The Clickhouse plugin for dbt (data build tool)
Apache License 2.0
246 stars 108 forks source link

DBT logs say models were successful but clickhouse logs say they weren't. #141

Closed alexsubota closed 6 days ago

alexsubota commented 1 year ago

Hi, sometimes I encounter strange dbt behavior when running a model and it says everything is fine, but when I check the clickhouse logs, it says that this run failed due to "Memory limit exceeded".

`Output: Running with dbt=1.3.2 Found 298 models, 8 tests, 0 snapshots, 105 analyses, 316 macros, 0 operations, 14 seed files, 213 sources, 17 exposures, 0 metrics Concurrency: 4 threads (target='prod')

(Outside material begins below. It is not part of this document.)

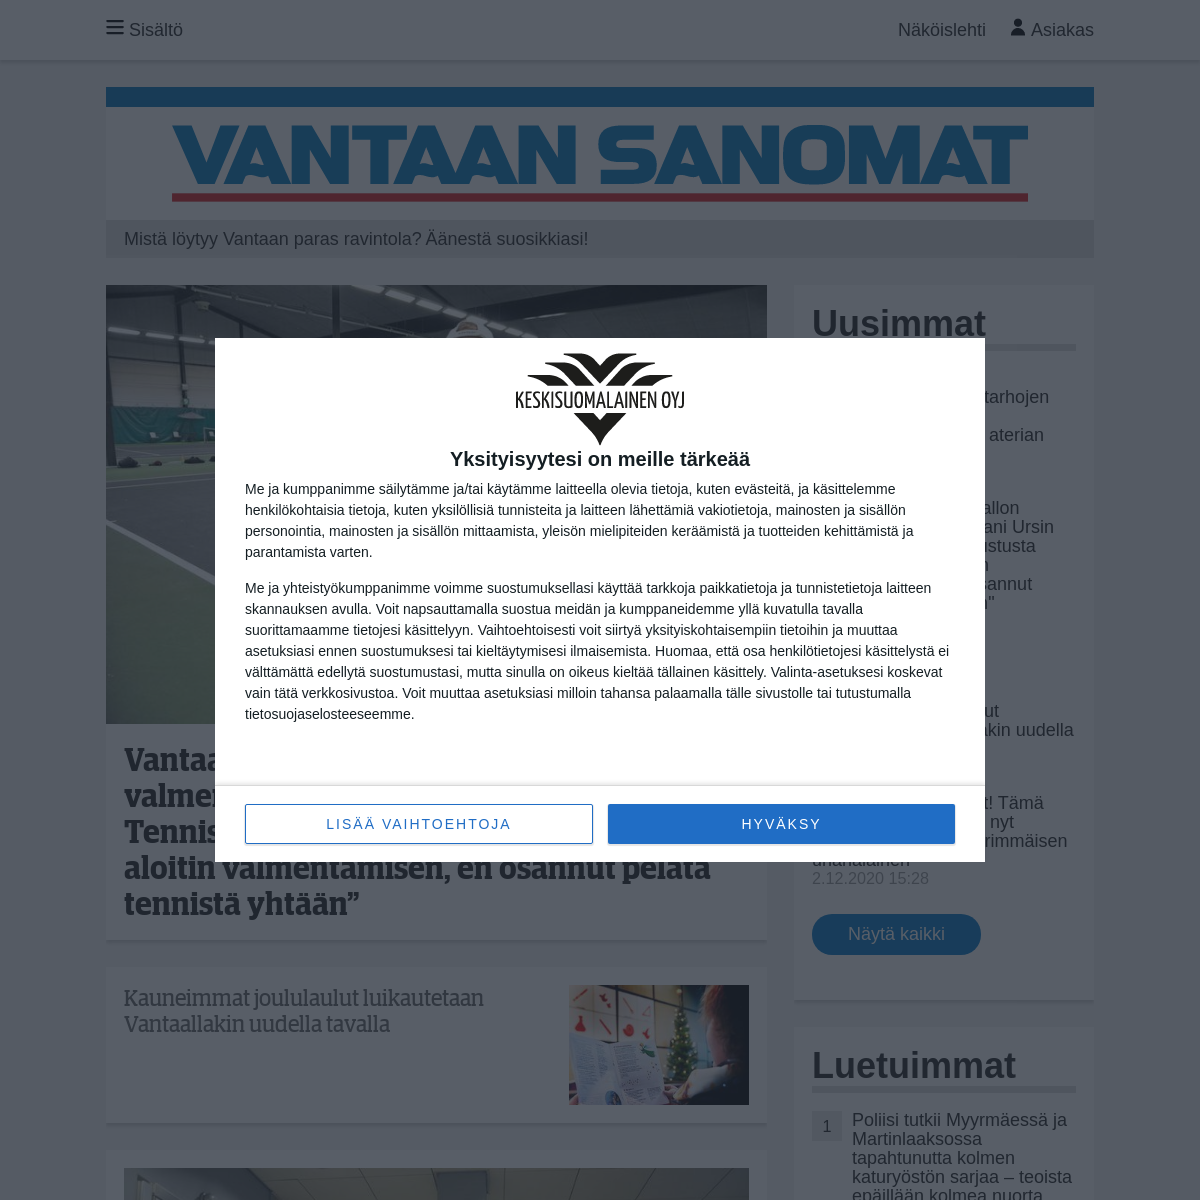 A complete backup of vantaansanomat.fi

1 of 1 START sql table model test_db.test_table .................. [RUN] 1 of 1 OK created sql table model test_db.test_table ............. [[32mOK[0m in 266.71s] Finished running 1 table model in 0 hours 4 minutes and 27.58 seconds (267.58s). Completed successfully PASS=1 WARN=0 ERROR=0 SKIP=0 TOTAL=1`

How can i fix this problem, and get error at dbt logs to, same as clickhouse logs

ClickHouse version 22.12 DBT version 1.3.0

genzgd commented 1 year ago

What is the query in the ClickHouse logs that is throwing the exception (this should be available in the system.query_log? Are you using distributed tables? Are you using lightweight deletes? Materialized views? As far as I know all errors from ClickHouse should be propagated up to dbt, so I would need more details to understand where (and maybe why) that is not happening.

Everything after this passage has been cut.